Jonathan Tarbox , Taira Lanagan Bermudez , in Treating Feeding Challenges in Autism, 2017
8.3.2.2 Programing for Maintenance
Many of the same procedures that are useful for programing for generalization are also useful for programing for maintenance because maintenance can actually be thought about as a special kind of generalization: generalization across time. We will not repeat our recommendations regarding generalization here, but we encourage you to look over the generalization procedures described in that section when programing for maintenance. Two other variables are also worth considering: (1) reinforcement history and (2) intermittent reinforcement.

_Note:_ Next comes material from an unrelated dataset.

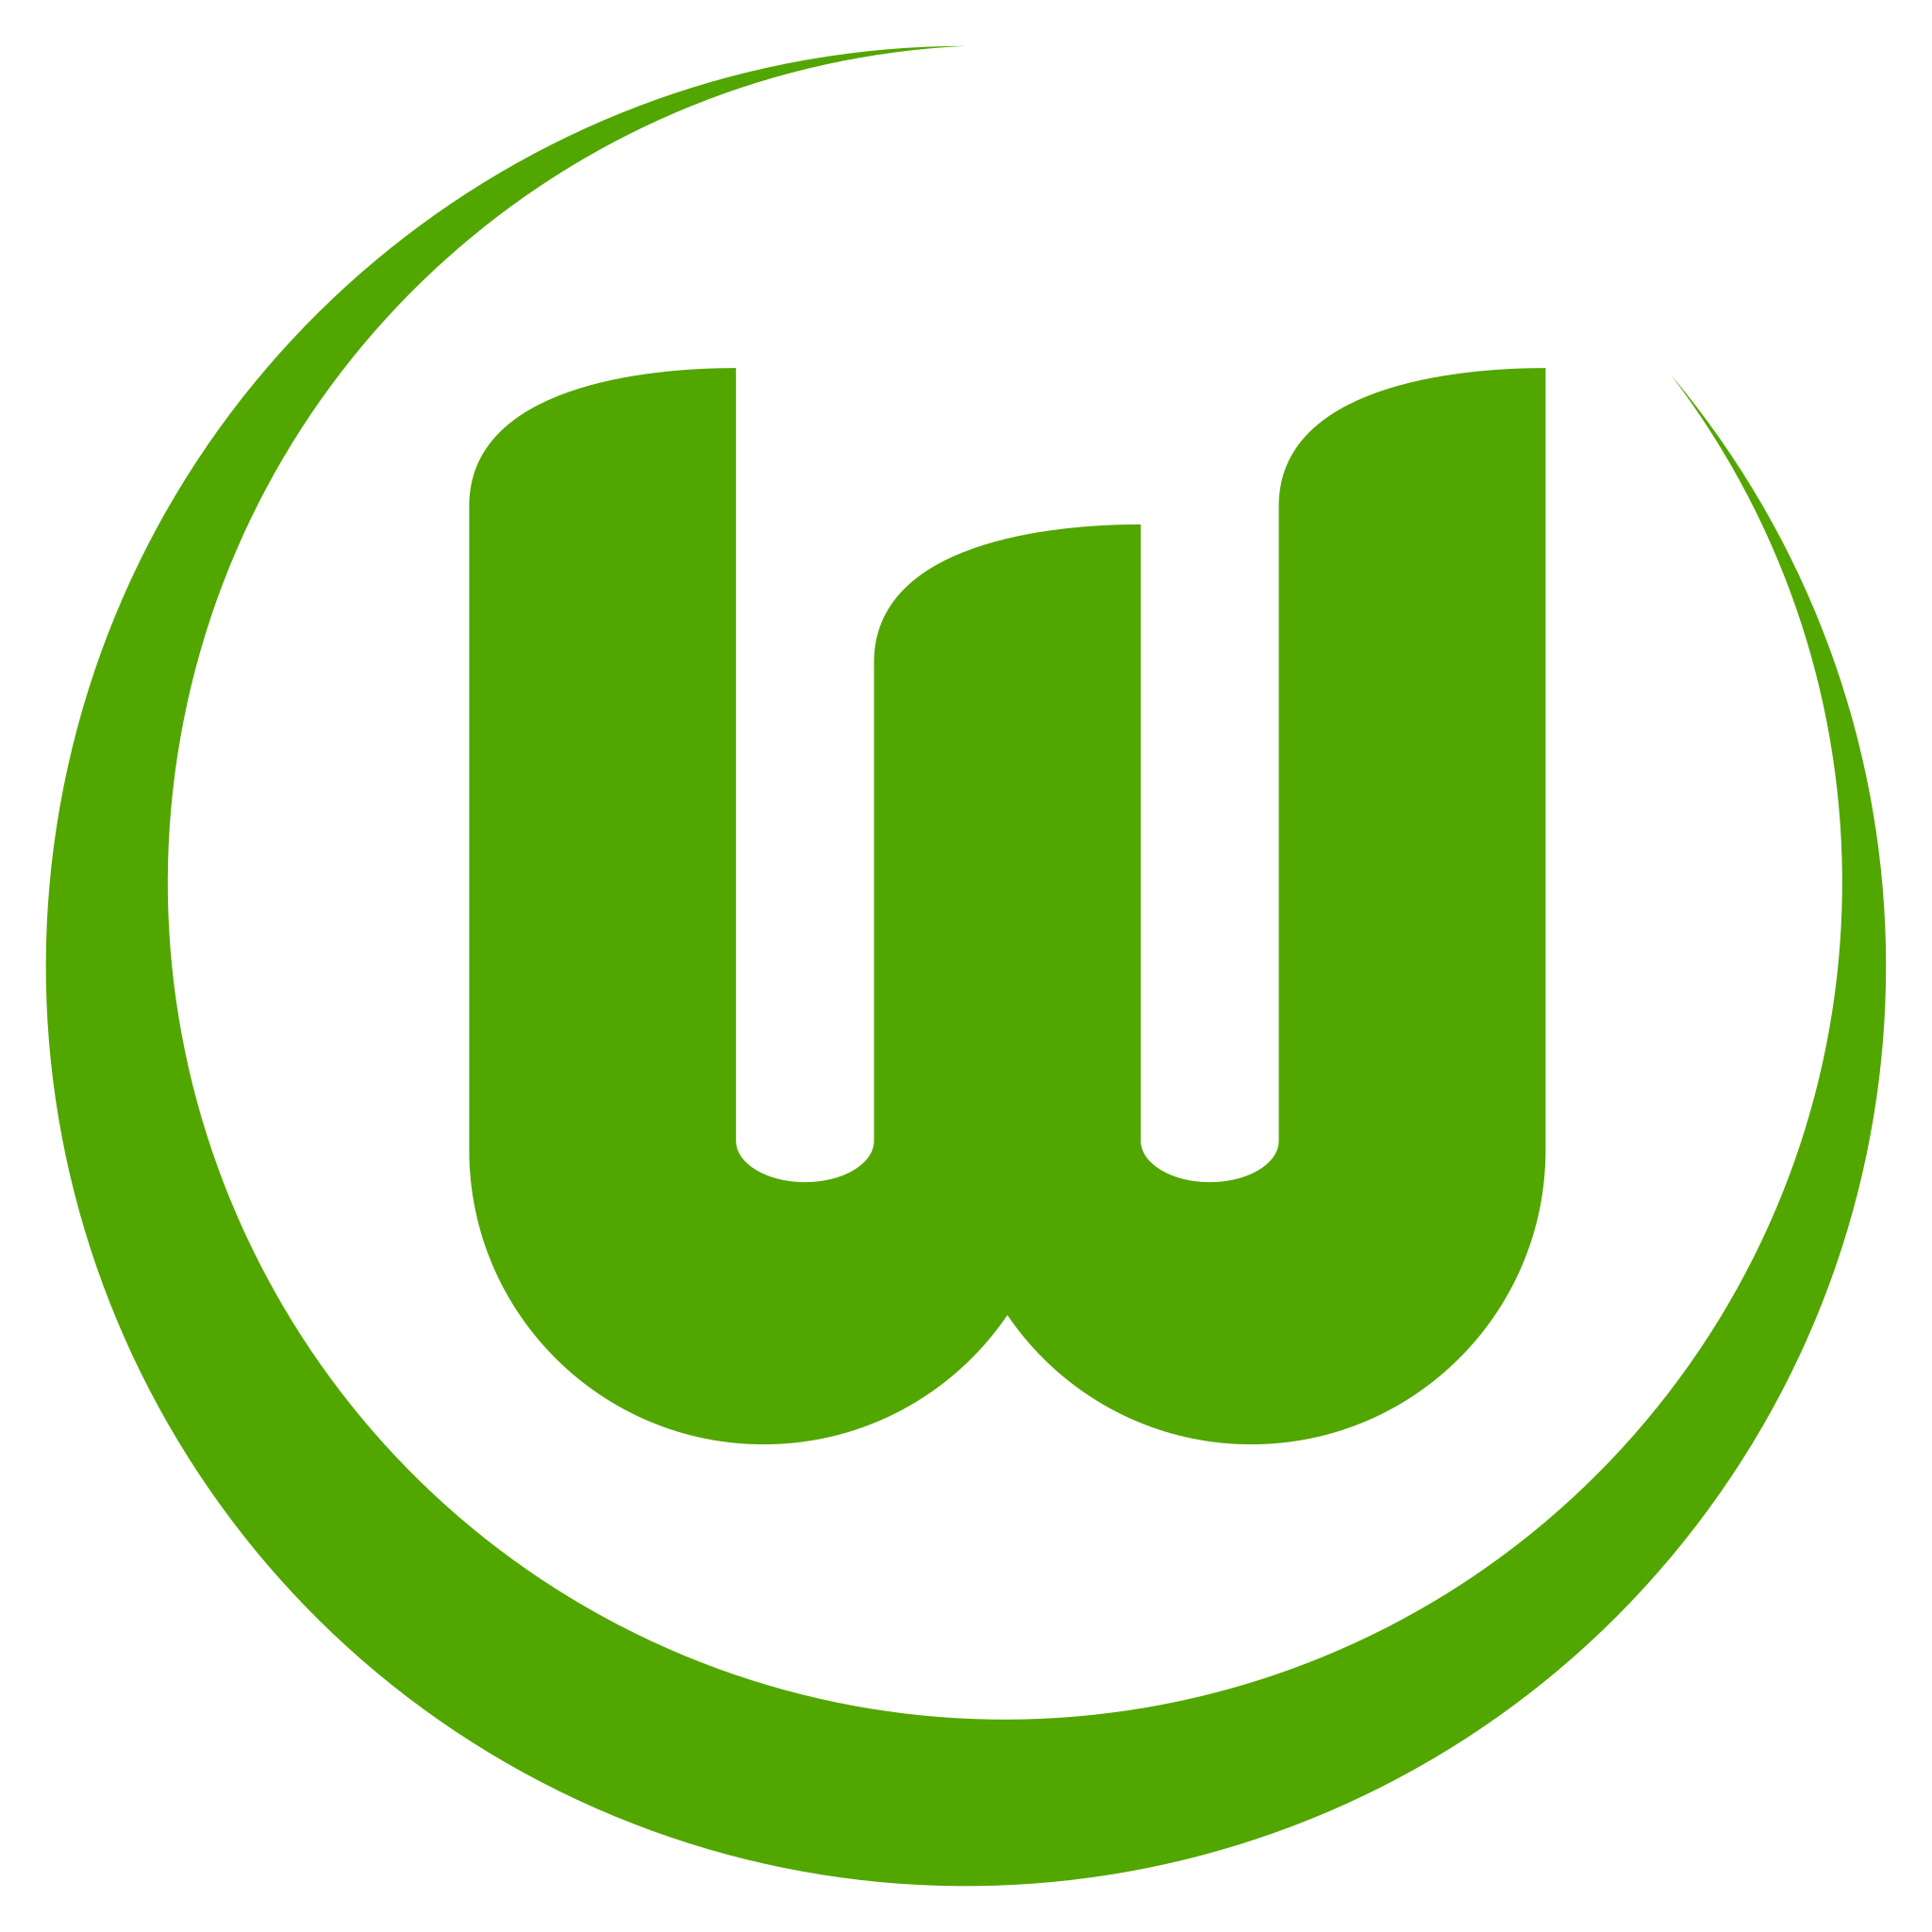 File:VfL Wolfsburg Logo.svg - Wikipedia
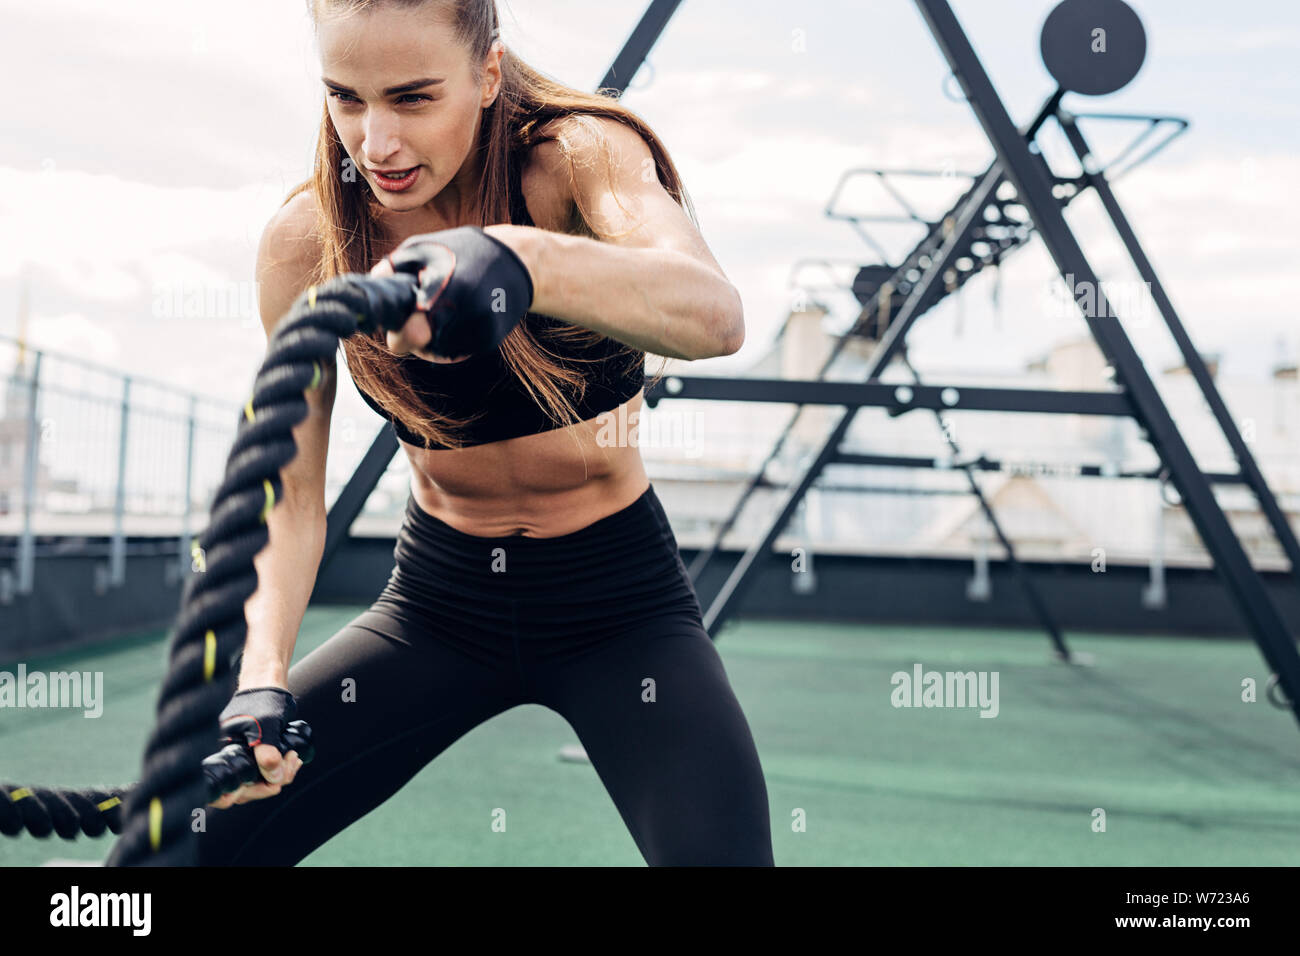 Frau tun Fitness Training mit Schlacht Seile auf im freien Fitnessraum Stockfoto

Research from the behavioral momentum literature suggests that behaviors that have earned more reinforcement in the past are more resistant to change than behaviors that have earned less reinforcement (Nevin & Shahan, 2011). Although most of this research has been basic laboratory research, it has important applied implications. What it suggests is that it may be very important to make sure that the desirable behavior change that you have produced has received a lengthy and rich history of reinforcement before fading treatment out and hoping that it maintains. So, all other things being equal, more successful treatment meals containing rich reinforcement for varied and flexible eating are better than fewer, before considering when to fade out your intervention.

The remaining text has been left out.